Introducing fake mix-ups

./generate-sample-couplings.R is a script that introduces a number of fake mix-ups or downsamples the number of samples. This can be helpful when you are trying to obtain a reliable ROC. The script can be used as follows.:

usage: ./generate-sample-couplings.R [-h]
                                     [--mix-up-percentage MIX_UP_PERCENTAGE]
                                     [--sample-count SAMPLE_COUNT] --out OUT
                                     [--sample-coupling-file-exclude SAMPLE_COUPLING_FILE_EXCLUDE]
                                     (--sample-coupling-file-include SAMPLE_COUPLING_FILE_INCLUDE 
                                       | --phenotypes-file PHENOTYPES_FILE)

optional arguments:
  -h, --help            show this help message and exit
  --mix-up-percentage MIX_UP_PERCENTAGE
                        introduce mix-ups in link fileand phenotype sample ids
                        in the second column
  --sample-count SAMPLE_COUNT
                        number of samples to include in the coupling file
  --out OUT             path to output prefix
  --sample-coupling-file-exclude SAMPLE_COUPLING_FILE_EXCLUDE
                        file containing genotype sample ids in the first
                        column, and phenotype sample ids in the second
                        column. the samples in the genotype column will be
                        exluded.
  --sample-coupling-file-include SAMPLE_COUPLING_FILE_INCLUDE
                        file containing genotype sample ids in the first
                        columnand phenotype sample ids in the second
                        columnthese samples will be used as a starting point.
  --phenotypes-file PHENOTYPES_FILE
                        path to a tab-delimited file holding all processed
                        phenotype data.

Receiver operating characteristics

More ROC curves can be plotted using the ./src/diagnostic-scripts/plot-roc-figures.R script.
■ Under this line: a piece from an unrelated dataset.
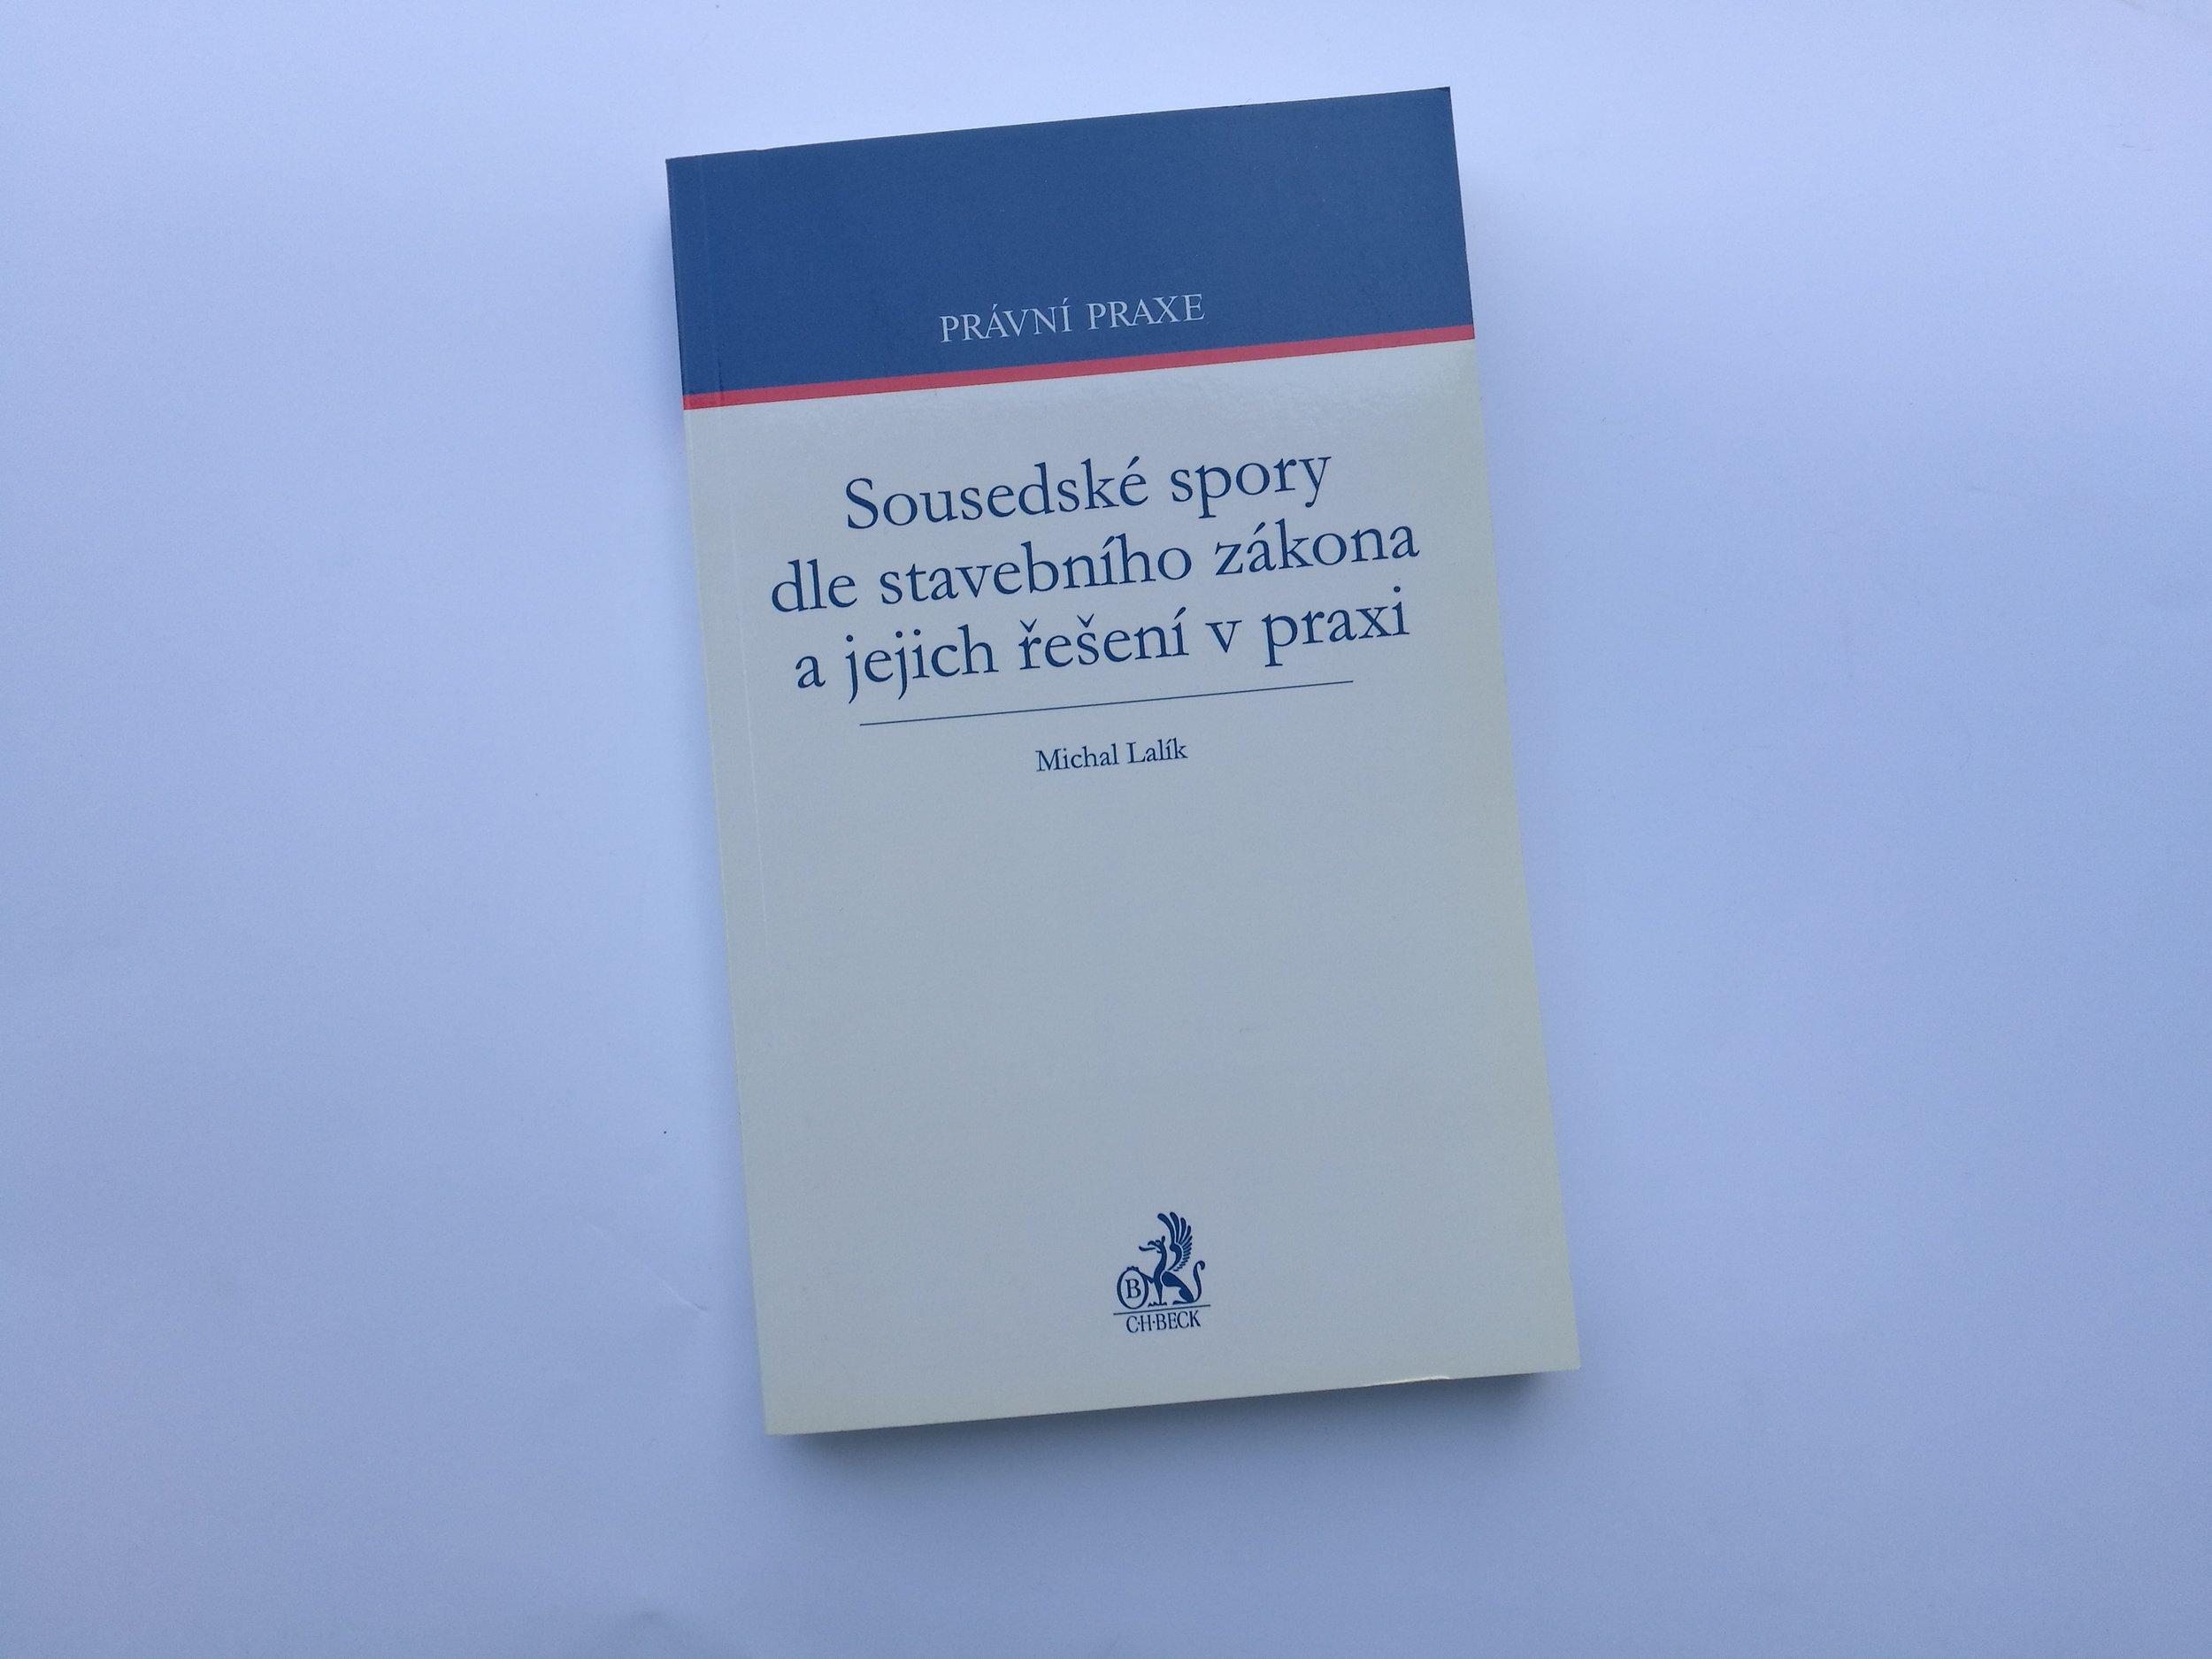 Tisk brožur (2).jpg
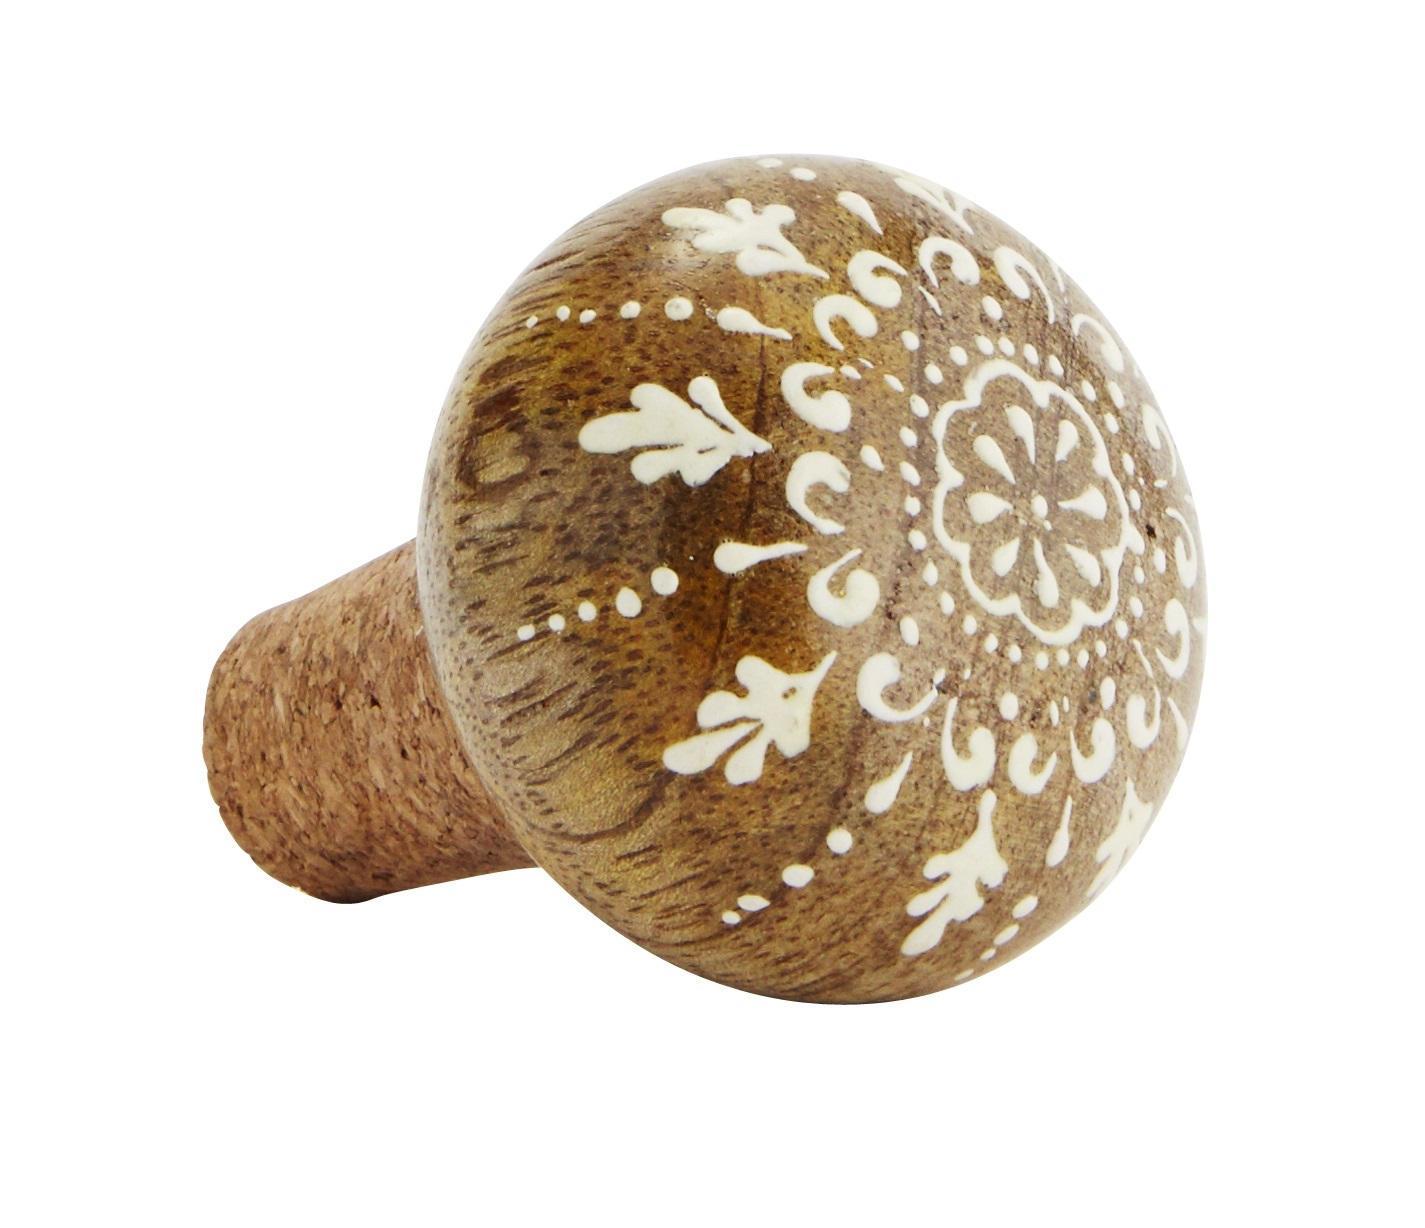 MADAM STOLTZ Dřevěná zátka na lahev Natural/white, bílá barva, hnědá barva, přírodní barva, dřevo, korek

This includes ROC curves for a sex-check as well as a combined ROC curve. confusion matrix are also visualized. The script can be executed as described below:

usage: ./diagnostic-scripts/plot-roc-figures.R [-h] --dir DIR
                                               --phenotypes-file
                                               PHENOTYPES_FILE

optional arguments:
  -h, --help            show this help message and exit
  --dir DIR             path from where to read sample swap prediction
                        results.
  --phenotypes-file PHENOTYPES_FILE
                        path to a tab-delimited file holding all processed
                        phenotype data.

Simulating data

We simulated data according to the ./src/lifelines/simulations/simulate-data.R script. This script is tailored to the Lifelines data. It will generate datasets with explained variance of 50%, 100%, 150%, and 200% of the original explained variance, and 10, 25, 50, 75 and 100 traits.